Timely and staged fine adjustment of pH and NH according to actual growth condition of particles in the growth process 4 + The process parameters are equal, thereby being beneficial to controlling free M in the system 2+ And OH - The concentration is controlled to regulate the supersaturation degree of the system, prevent the generation of small balls in the growth process and keep the normal fluctuation of particles. The nickel-iron-manganese ternary precursor with large particles and high iron content obtained by the process method basically has no small balls in the growth process, can smoothly grow to the target granularity of 5.0 mu m or more, has better sphericity and is suitable for industrial mass production.
In an alternative embodiment, the target particle size D50 is 5 to 20 μm;
in an alternative embodiment, the target particle size D50 is from 5 to 10 μm.
In the preferred embodiment of the present invention, the molar ratio of nickel, iron and manganese in the mixed metal salt solution can be any ratio, i.e. the chemical formula of Ni x Fe y Mn 1-x-y (OH) 2 Wherein x may have a value of 0.1, 0.2, 0.3, 0.4, 0.5, 0.6, 0.7, 0.8, 0.9, etc., and y may have a value of 0.1, 0.2, 0.3, 0.4, 0.5, 0.6, 0.7, 0.8, 0.9, etc. For example, the molar ratio of nickel element, iron element and manganese element is 0.20.

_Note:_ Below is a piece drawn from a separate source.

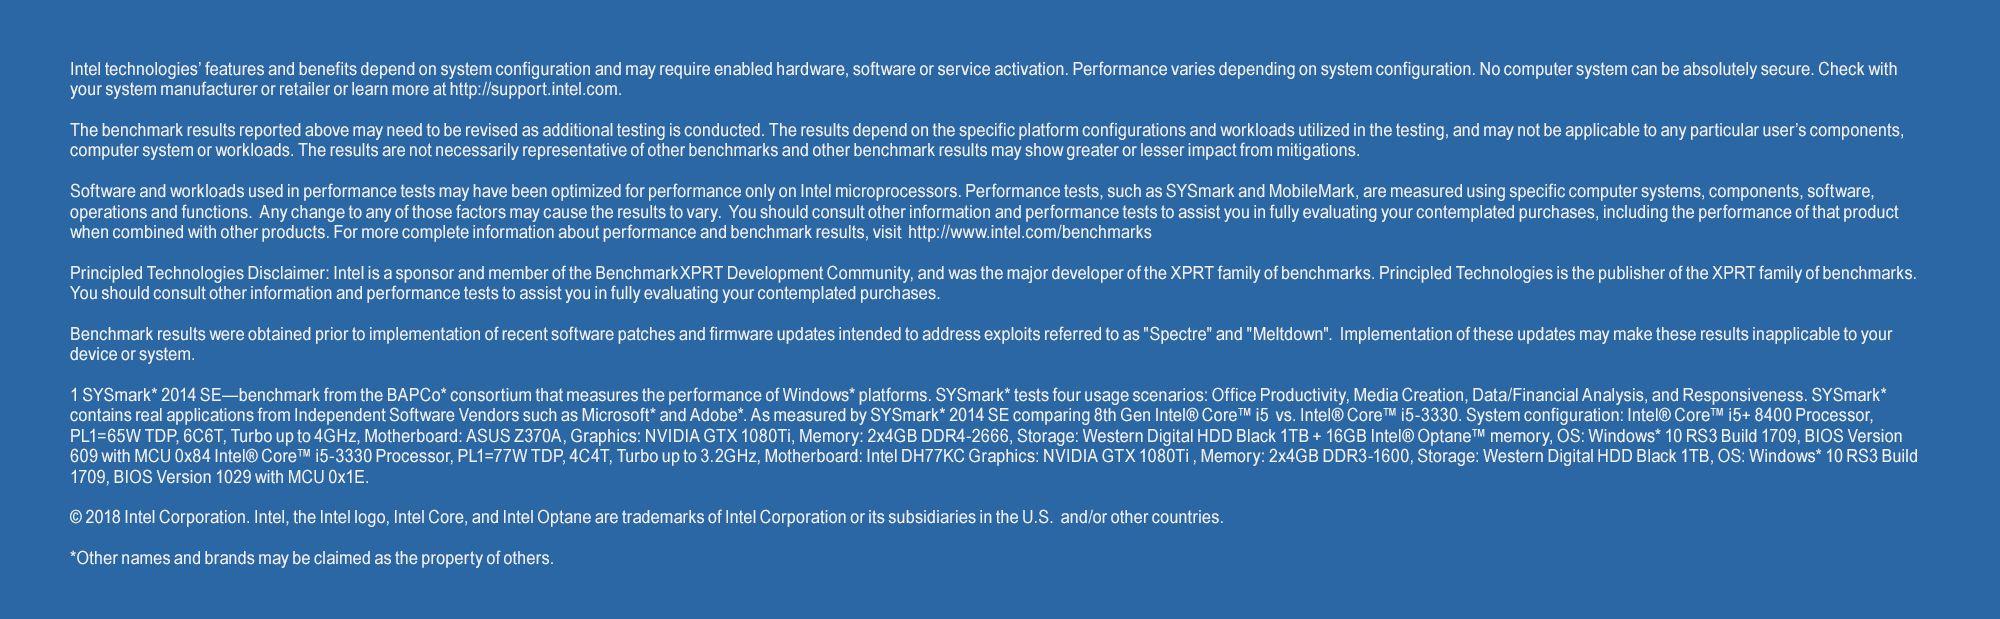 Intel Core i5-8400 Coffee Lake 6-Core 2 8 GHz (4 0 GHz Turbo) LGA 1151 (300  Series) 65W BX80684I58400 Desktop Processor Intel UHD Graphics 630 -

In an alternative embodiment, the inert gas is nitrogen. The inert gas can protect Fe 2+ To prevent it from being oxidized to Fe in the feed liquid 3+ Result in prior to Ni 2+ 、Mn 2+ Precipitation occurs, and pellets are produced.
In an alternative embodiment, after the particle size of the product reaches the target particle size, the product is sequentially subjected to aging, centrifugation, drying, sieving and demagnetizing operations.
In a second aspect, the invention also provides a simple preparation method of the nickel-iron-manganese layered hydroxide precursor, and the particle size D50 of the prepared nickel-iron-manganese layered hydroxide precursor is 1-20 μm.
In a third aspect, the invention also provides a preparation method of the nickel-iron-manganese layered oxide material, which comprises the following steps: the nickel-iron-manganese layered hydroxide precursor prepared by the preparation method of the nickel-iron-manganese layered hydroxide precursor is respectively and uniformly mixed with a sodium source and then fed at high temperatureCalcining to obtain the layered Ni-Fe-Mn oxide material Na (Ni) x Fe y Mn 1-x-y )O 2 ,(0<x<1,0<y<1)。
In a fourth aspect, the present invention also provides an electrode material for a sodium ion battery, the electrode material comprising: the sodium-ion battery anode material prepared by the preparation method of the nickel-iron-manganese layered oxide material.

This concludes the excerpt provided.